I asked another western House member if knew whether the group swung by his office.

 

“I don’t know,” he responded. “But if they did, I’m certain they ‘swung by.’”

 

Hubbard says he rode a crowded elevator in a Congressional office building and watched as an aide tried to read his “Nudist and I Vote” pin. “(The aide) was trying so hard not to burst out laughing.”

 

The group argues that it’s important to lobby because some of their activities are legally-sanctioned on local state or federal public lands.

 

“We’ve been some places where there has been 40-years of established nude-use. And then you get a new ranger and that’s it,” says Hubbard.

 

Hubbard adds that the cause “isn’t really a R versus D kind of issue.”

 

On the day I met with the group, they planned to canvass the offices of Sen. Kay Bailey Hutchison (R-TX). They also intended to present an award to Senate Judiciary Committee Chairman Patrick Leahy (D-VT). He authored a memorandum of law in the AANR’s favor when he was a state’s attorney in Vermont nearly 40 years ago. However, the group had to postpone the visit to Leahy’s office. Just as they planned to arrive, the senator shocked Senate Republicans by abruptly taking to the Senate floor and announcing that confirmation hearings for Supreme Court nominee Sonia Sotomayor would start July 13.

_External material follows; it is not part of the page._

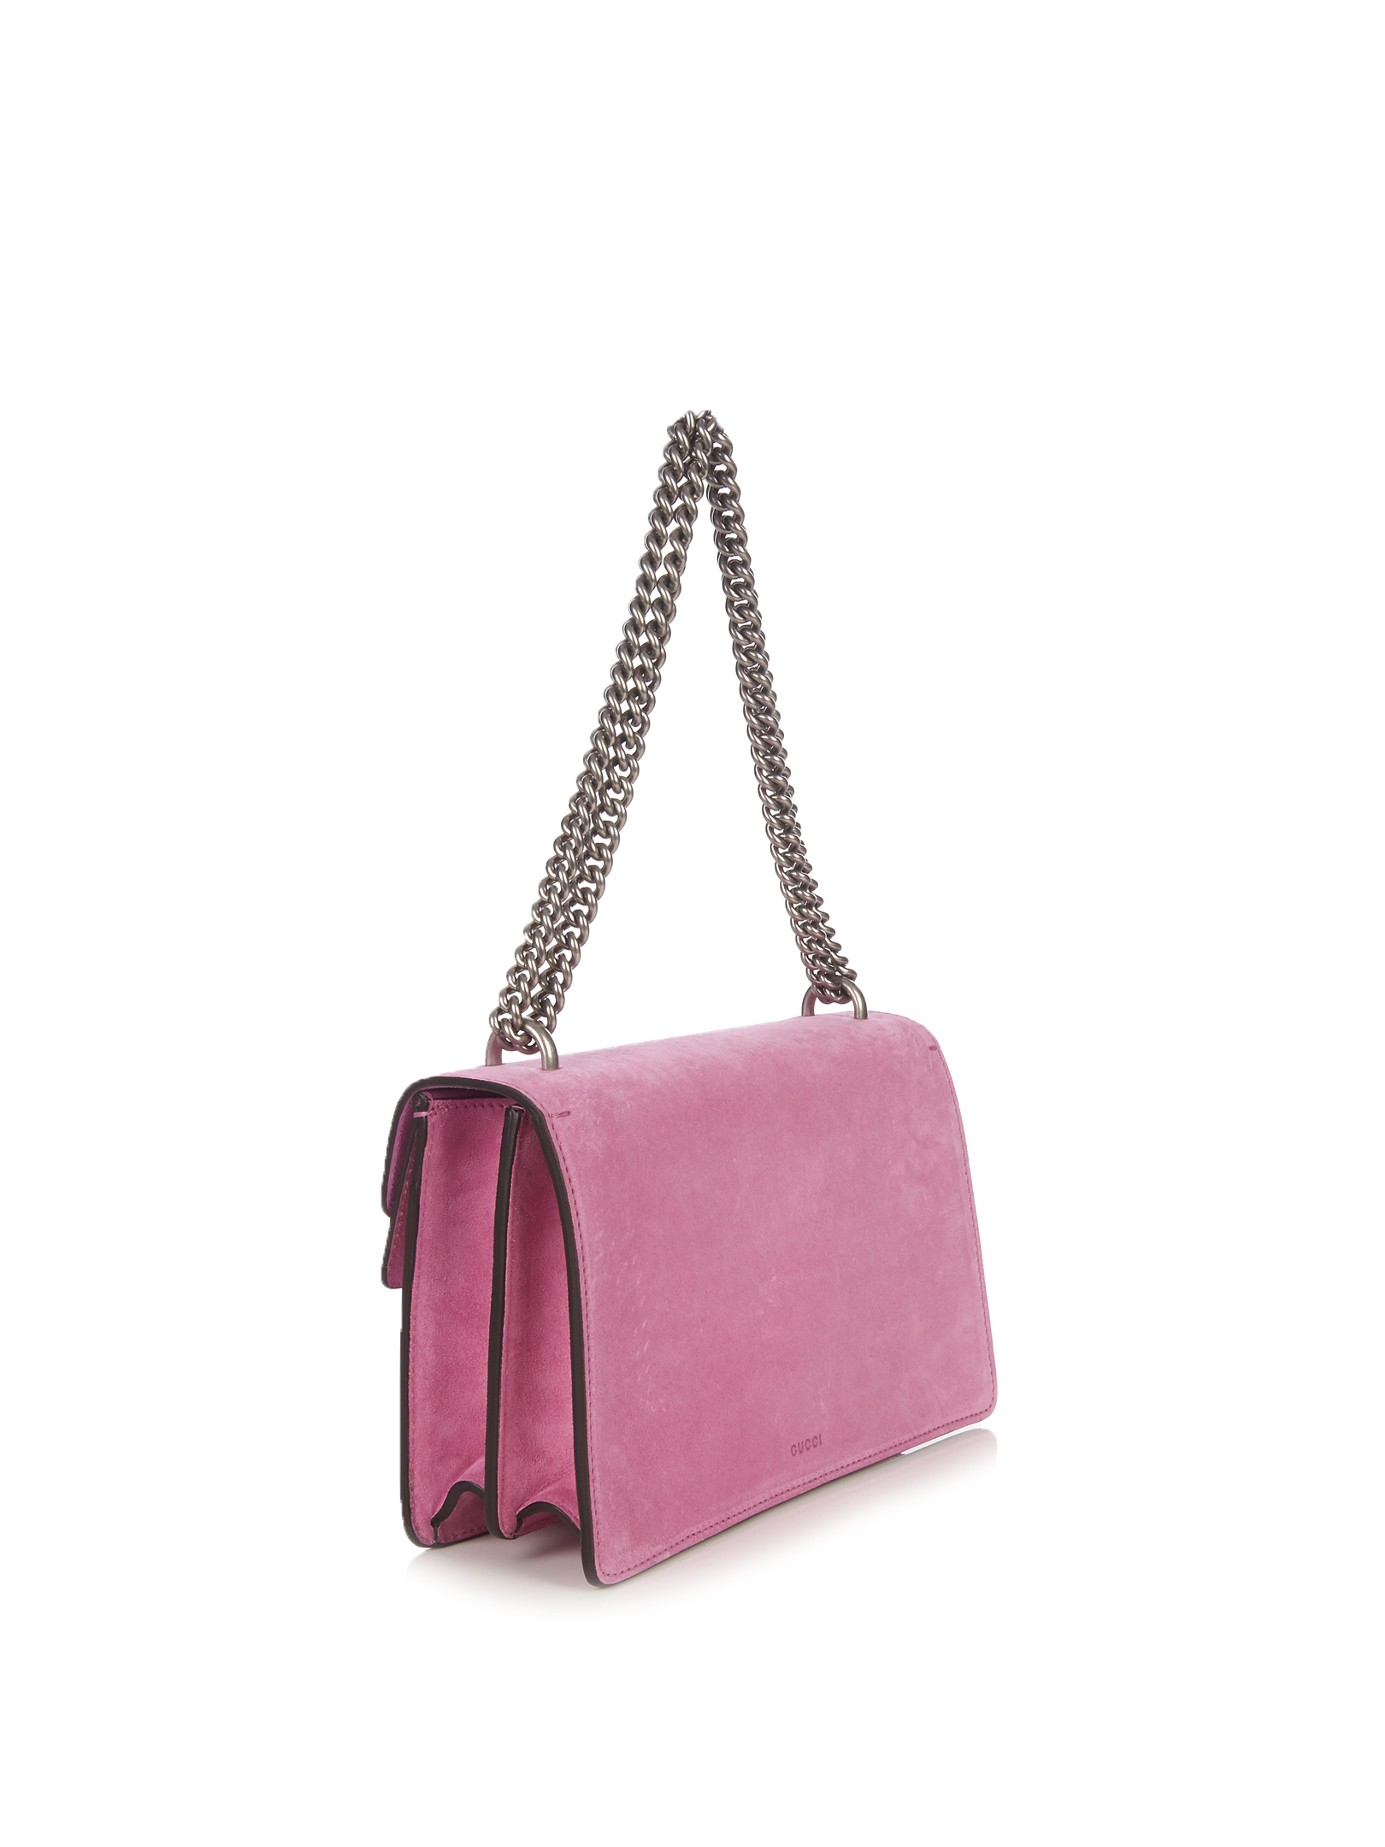 Lyst - Gucci Dionysus Suede Shoulder Bag in Pink

It’s unknown if Leahy rushed to the Senate chamber to make the announcement to avoid the nudists descending on his office.

 

“We’re not high on his list right now,” said AANR’s Susan Weaver (black and white floral skirt and sweater) of Annandale, VA.

 

AANR’s is quick to point out that nudity and politics is as old as the republic.

 

Benjamin Franklin was known for taking daily “air baths.” President John Quincy Adams frequently skinny dipped in the Potomac. I guess that gives an entirely new meaning to the phrase “slippery politician.”

 

In fact a reporter once confronted Adams in the river and held his clothes hostage until the president agreed to do an interview.

 

Too bad House Speaker Nancy Pelosi (D-CA) doesn’t go for a daily swim in the Potomac like Adams. Maybe some reporters could hold her clothes hostage to convince the Speaker to finally answer some more questions about her accusations that the CIA lied about interrogation methods.

 

In all, the group said that nude recreation is what one member described as a “great equalizer.”

 

“You can’t tell who’s a senator or a trash collector” said Schuttauf.

 

As I left the Capitol Hill Club, I ran into Rep. Jim Jordan (R-OH) and told him a little bit about my meeting. Jordan, a family values conservative, wanted no part of the AANR.

 

“Whatever they’re for, I’m against,” Jordan snorted.

But responses like Jordan’s can’t stop the American Association for Nude Recreation lobbying efforts. Their appeals to Congressional offices are protected by the First Amendment. It prohibits bans on religion, the press, speech, and assembly. And of course, the First Amendment guarantees people the  right “to petition the government for a ‘redress’ of grievances.”

 

-Chad Pergram covers Congress for FOX News. He’s won an Edward R. Murrow Award and the Joan Barone Award for his reporting on Capitol Hill. The Speaker’s Lobby is a long, ornate hallway behind the House chamber where lawmakers, aides and reporters often congregate during votes.